This was the the first January in recent memory that I wasn’t in desperate need of a detox…
Desperate, not only because my physical body needed it (which it usually did), but more so, desperate to break all my bad habits from holiday indulging and get back “on track.”
To be completely honest, a detox or nutrition challenge has historically been the only thing that was able to do this for me. I viewed it as my “out” from all the bad eating. It was very easy for me to go “cold turkey” and dive 100% into a clean-eating program. I was all or nothing, black or white. There really was no middle ground. (Sad but true.)
For YEARS this is how I rolled. Overindulge for the holiday month (er… months), overindulge for spring break, overindulge my birthday month, overindulge for that last blast of summer, until I found myself back at the holiday season again.
I would subsequently counteract each of those indulgent periods with a detox, cleanse or nutrition “challenge” of some sort, to once again get “back on track,” to lose the weight I’d gained, to kick my bad habits, etc.
But Wait, Aren’t Detoxes and Challenges Beneficial?
Don’t get me wrong, there are some amazing nutrition programs, challenges, and detoxes out there and there is definitely a time and place for them. They can be eye-opening, enlightening and even life-changing.
It was through these types of challenges that I learned all about clean eating, how to plan, food prep and even cook in a “real food” manner, hence, life-changing!
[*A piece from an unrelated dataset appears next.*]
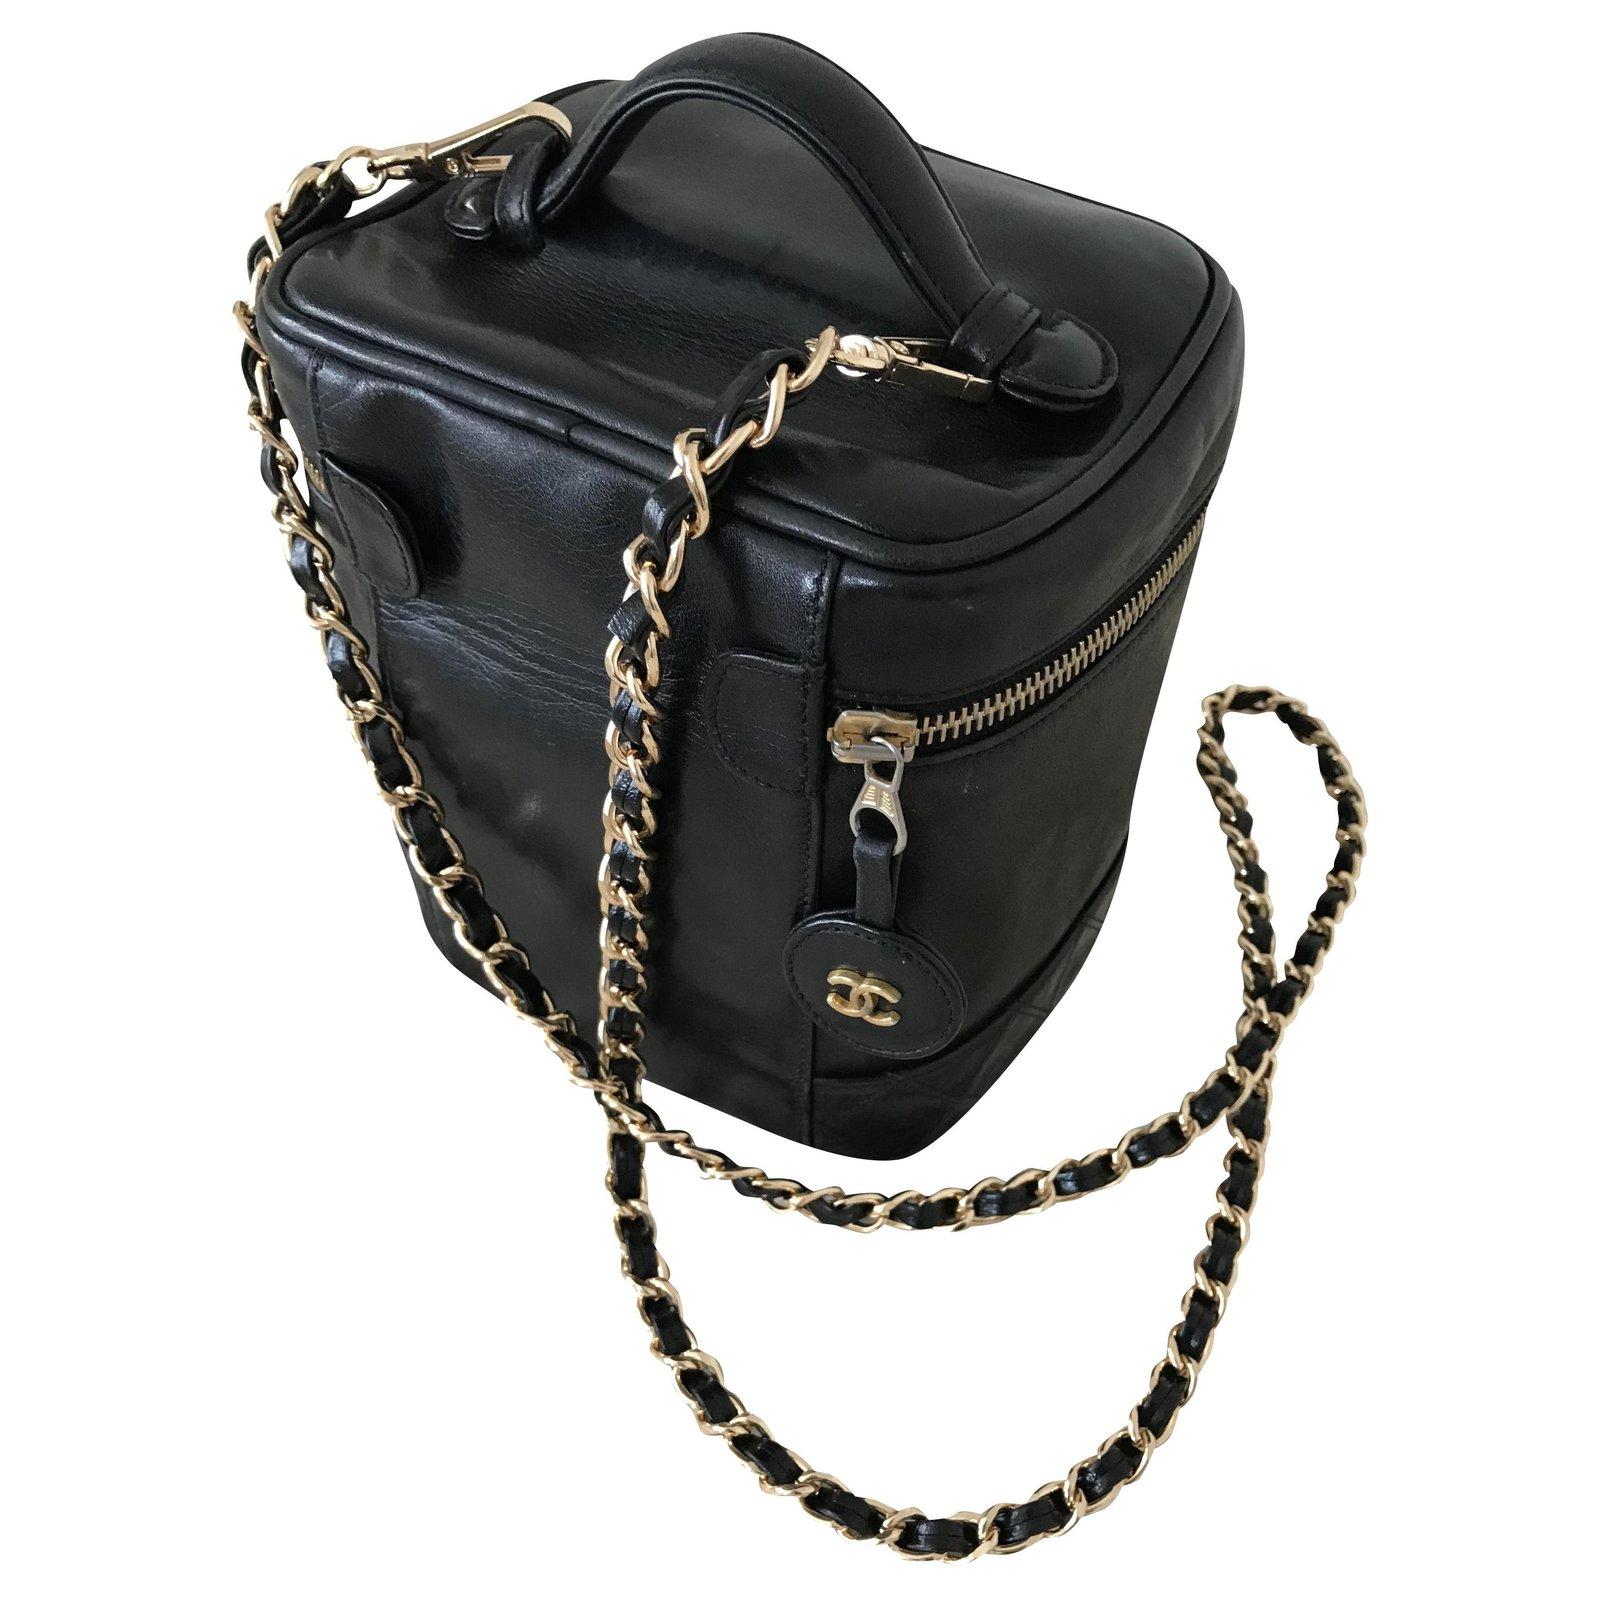 Chanel Vintage Vanity Handbags Leather Black Ref 227013 Joli Closet

But when you end up relying on these types of programs, as I did, to constantly “get yourself back on track” it might be time to take a closer look at your eating habits and behaviors. And when they give you an excuse to eat how you ordinarily wouldn’t, they may be doing more harm than good.
Detox from Detoxing?
Years ago, a coach of mine put me on a detox from detoxes. She challenged me to remain free of any sort of cleanse or challenge for an entire year. I was so reliant on them that that scared me but I was also really motivated for change and a respite from the ups and downs I was experiencing. It was a tough but important lesson for me. That was the beginning of some major self-inquiry and growth.
But growth is never a straight line is it? I don’t recall exactly when or how but after that “detox from detoxes” year, I slowly but surely slid back into my old ways. Overindulging, followed by “over-cleansing,” over and over again.
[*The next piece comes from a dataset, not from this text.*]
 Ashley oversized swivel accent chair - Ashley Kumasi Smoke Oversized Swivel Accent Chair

So, What’s Wrong With That?
Well, for one, it’s not healthy! Sure, I felt AH-MAZING during and immediately after my cleanse/challenge/detox. But, as with anything, the restrictive nature of these challenges led me right back to the place I started. Soon I would find myself, overeating, over-drinking, eating all the things that weren’t considered “paleo” or “detox approved” simply because I could. I had restricted so much that once I was out of the safe confines of a program’s rules or a yes/no list I tended to go off the deep end. Call it self-sabotage, call it rebelling, call it what you want but overindulging simply led to over-restricting, which led to overeating once again.
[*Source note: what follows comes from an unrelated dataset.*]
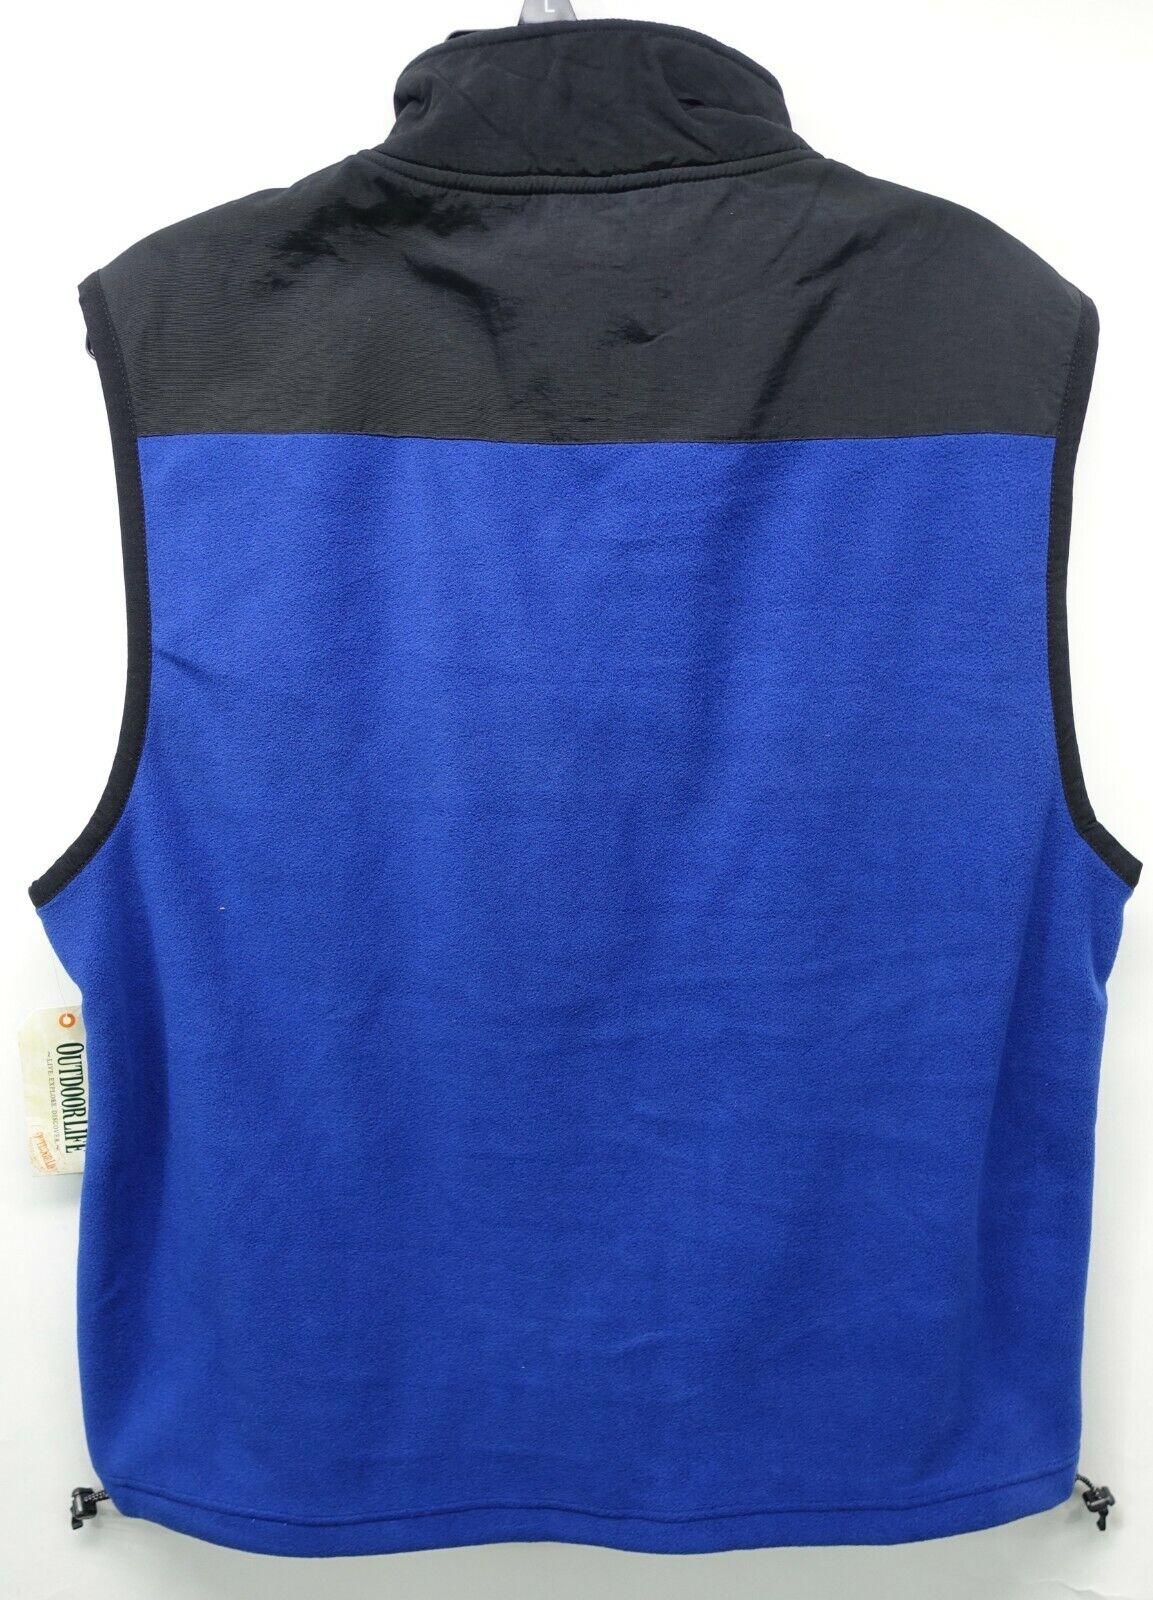 Outdoor Life Zipper Front Vest Mens Large Blue Black

This set me up for years of distorted thinking and unhealthy behaviors around “clean eating,” even a distorted view of what “healthy” meant.
That Roller-Coaster
I found myself not only on a physical health (and weight) roller-coaster, but a taxing mental struggle that really took a toll on me. I constantly felt like I was failing if I wasn’t eating 100% perfectly. I felt like I was either healthy and trim or flat-out gross. Sounds brutal, but there was not much self-love or respect going on in that equation. Again, it was all or nothing, black or white. There was no gentle middle, moderation or self-compassion. Add all this on top of the extra layer of guilt for feeling like a fraud (because, hello, nutritionist!) and I was a hot mess.
Finally Speaking My Truth
This last year has been a tremendous year of growth and enlightenment for me. Maybe because I turned 40. Maybe because I was just plain exhausted from the ups and downs. Maybe because I finally realized that the massive amount of mental energy that I was constantly expending about the state of my health, diet, weight, pant size, etc. was taking me away from the life-giving work that I want to do, that I know I’m meant to do.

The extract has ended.